Un parcours sans faute. "Lorsque j'étais jeune, j'ai toujours rêvé de la Silicon Valley et je compte bien, après mes études, commencer un doctorat aux États-Unis et probablement y travailler, car c'est le cœur névralgique de l'innovation". Et cela sans oublier de maintenir la forme physique. Ses parents l'ont toujours encouragé à pratiquer du sport." J'ai fait du judo au grade de quatrième Kyu, ainsi que de la natation. J'ai aussi fait quatre années de tennis et je suis aujourd'hui l'attaquant (au poste de central) de l'équipe régionale du CVB52 , je pratique le volley depuis environ six ans. "
Bac au rabais ?
Puisque Théo répond du tac-au-tac, on n'a pas pu s'empêcher de lui poser la question du bac version 2020, teintée de coronavirus. "Bac au rabais" pour certains, puisque sans épreuve finales. "Je leur répondrais qu'ils se trompent et que c'est même tout l'inverse, lance le futur étudiant. Habituellement, les notes obtenues au bac dépendent, certes, du travail de l'élève, mais également du sujet qui est donné. Si un élève a fait une impasse sur un chapitre en particulier ou qu'il n'est pas inspiré par le sujet, il va obtenir une note plus faible que celle qu'il mérite".Poursuivant son analyse de cette édition sans examen sur table à la fin de l'année, sans stress de l'affichage sur le panneau, ou de l'attente de la note sur Internet, Théo se réjouit que "grâce au Covid, le contrôle continu a été mis en place et c'est une bonne nouvelle, ça récompense les élèves qui ont travaillé dur tout au long de l'année et reflète leur véritable niveau scolaire, qui est au final ce qu'on cherche à évaluer. Le contrôle continu de cette année est une bonne chose qui pourrait encore être améliorée dans les années à venir, notamment pour garantir une égalité des chances entre les candidats de classes et lycées différente ainsi qu'une réelle revalorisation du Baccalauréat qui, ce n'est que mon opinion, perd de la valeur chaque année".
En général, les amis de Théo, le prennent pour un extra-terrestre et le comparent à Elon Musk. Il se dit juste passionné et curieux. Son conseil à ceux qui n’y arrivent pas à l'école : essayer de trouver son centre d’intérêt et se lancer là-dedans.

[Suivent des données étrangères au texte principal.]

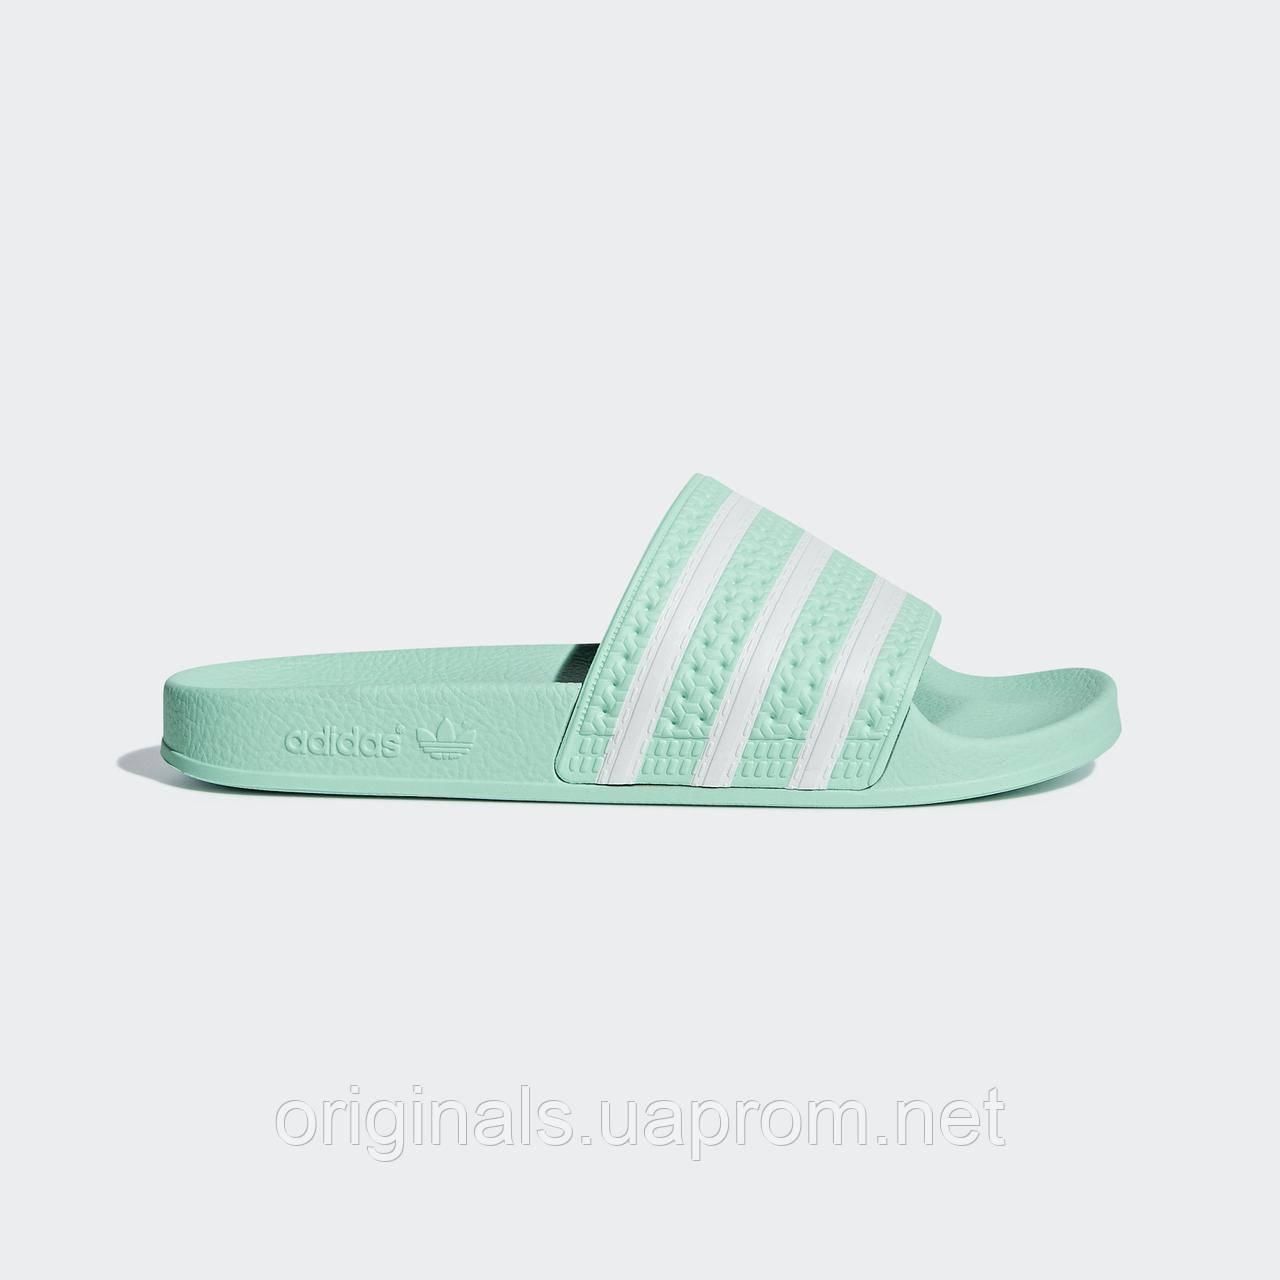 Тапочки Adidas Adilette W CG6538

Pour envisager le futur. "Pas grave si ils ne sont pas satisfaits par le système actuellement". Pendant les vacances, ce bachelier va travailler. "Je vais faire un camp d’été scientifique de l'école Polytechnique, on est 40 sélectionnés en France. A cause du covid, ce sera à distance. Pour aborder sereinement la rentrée". Un cursus de deux semaines intensives pour se préparer. L’école a choisi les plus méritants de France. Théo Gachet vise loin. Son parcours de la Haute-Marne à la Silicon Valley semble déjà une probabilité plus que certaine. Quant au lycée De Gaulle de Chaumont, l'établissement enchaîne les bons résultats. En 2019, Joséphine Joffrin, une lycéenne, avait obtenu 19,85/20 de moyenne au bac.